The cytotoxic type of reaction can be one of the manifestations of drug allergy in the form of leukopenia, thrombocytopenia, hemolytic anemia, etc. The same mechanism is also activated when homologous antigens enter the body, for example, when blood is transfused in the form of allergic blood transfusion reactions (to multiple blood transfusions), when hemolytic disease of the newborn.

The action of cytotoxic antibodies does not always end in cell damage. In this case, their number is of great importance. With a small amount of antibodies, instead of damage, a stimulation phenomenon can be obtained. For example, some forms of thyrotoxicosis have been associated with long-term stimulatory effects of naturally occurring thyroid autoantibodies.

7.5.3. Type III allergic reactions (immune complex reactions)

The damage in this type of allergic reactions is caused by antigen-AT immune complexes. Due to the constant contact of a person with any antigens in his body, immune reactions constantly occur with the formation of the AG-AT complex. These reactions are an expression of the protective function of the immune system and are not accompanied by damage. However, under certain conditions, the AG-AT complex can cause damage and the development of the disease. The concept that immune complexes (ICs) can play a role in pathology was expressed as early as 1905 by K. Pirke and B. Schick. Since then, a group of diseases in the development of which CI plays the main role has been called immune complex diseases.

The cause of immunocomplex diseases are: drugs (penicillin, sulfonamides, etc.), antitoxic sera, homologous g-globulins, food products (milk, egg whites, etc.), inhalation allergens (house dust, fungi, etc.), bacterial and viral antigens, membrane antigens, body cell DNA, etc. It is important that the antigen has a soluble form.

In the pathogenesis of reactions of immune complexes, the following stages are distinguished (Fig. 44):

In response to the appearance of an allergen or antigen, the synthesis of antibodies begins, mainly IgG and IgM classes. These antibodies are also called precipitating for their ability to form a precipitate when combined with the appropriate antigens.

When AT is combined with AG, ICs are formed. They can be formed locally, in tissues or in the bloodstream, which is largely determined by the routes of entry or the place of formation of antigens (allergens). The pathogenic significance of CIs is determined by their functional properties and the localization of the reactions they cause.

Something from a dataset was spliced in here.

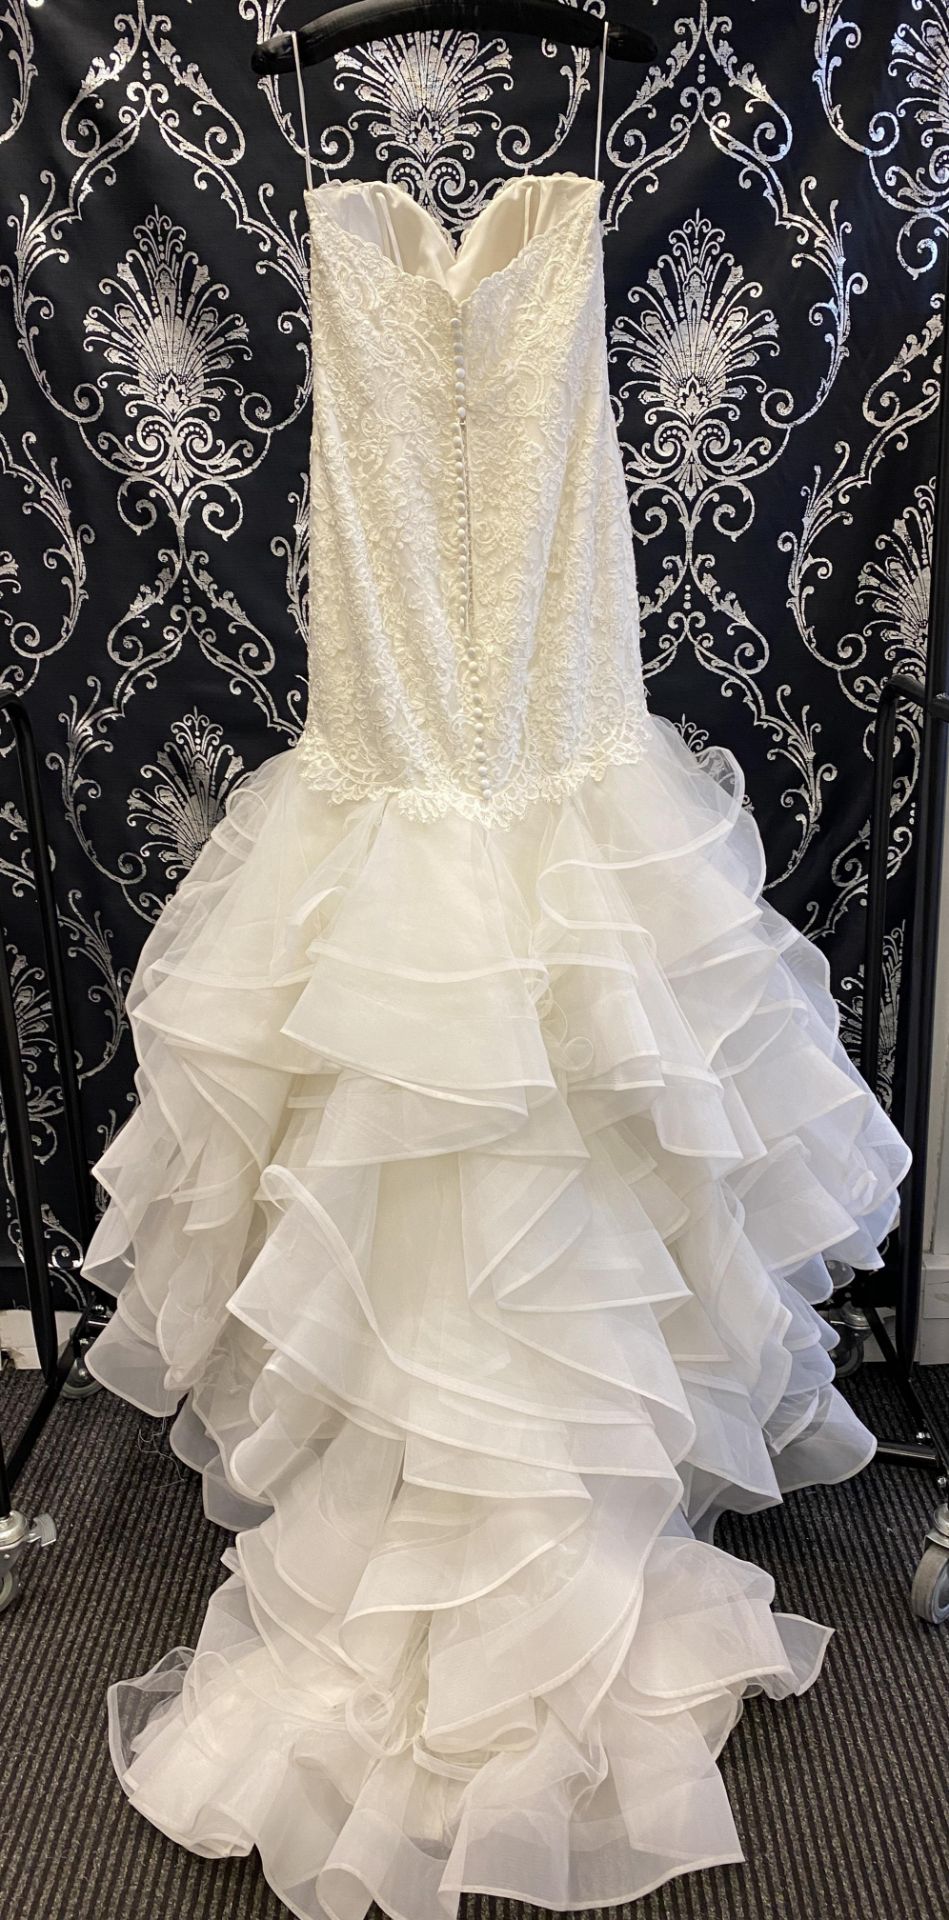 1 x MORI LEE '2879' Exceptional Strapless Lace Mermaid Style Designer Wedding Dress RRP £1,650 UK12 - Image 2 of 10

The size of the complex and the structure of the lattice depend on the number and ratio of AG and AT molecules. Thus, large-lattice complexes formed in excess of antibodies are quickly removed from the bloodstream by the reticuloendothelial system. Precipitated, insoluble ICs formed in an equivalent ratio are usually easily removed by phagocytosis and do not cause damage, except in cases of their high concentration or formation in membranes with a filtering function (in glomeruli, choroid of the eyeball). Small complexes formed in a large excess of antigen circulate for a long time, but have a weak damaging activity. The damaging effect is usually exerted by soluble complexes formed in a slight excess of the antigen, m.m. 900-1000 KD. They are poorly phagocytized and stay in the body for a long time.

The significance of the type of antibodies is determined by the fact that their different classes and subclasses have different abilities to activate complement and be fixed through Fc receptors on phagocytic cells. So, IgM and IgG1-3 bind complement, but IgE and IgG4 do not.

With the formation of pathogenic IC, inflammation of various localization develops. Inhalation antigens contribute primarily to reactions in the alveolar capillaries (allergic alveolitis).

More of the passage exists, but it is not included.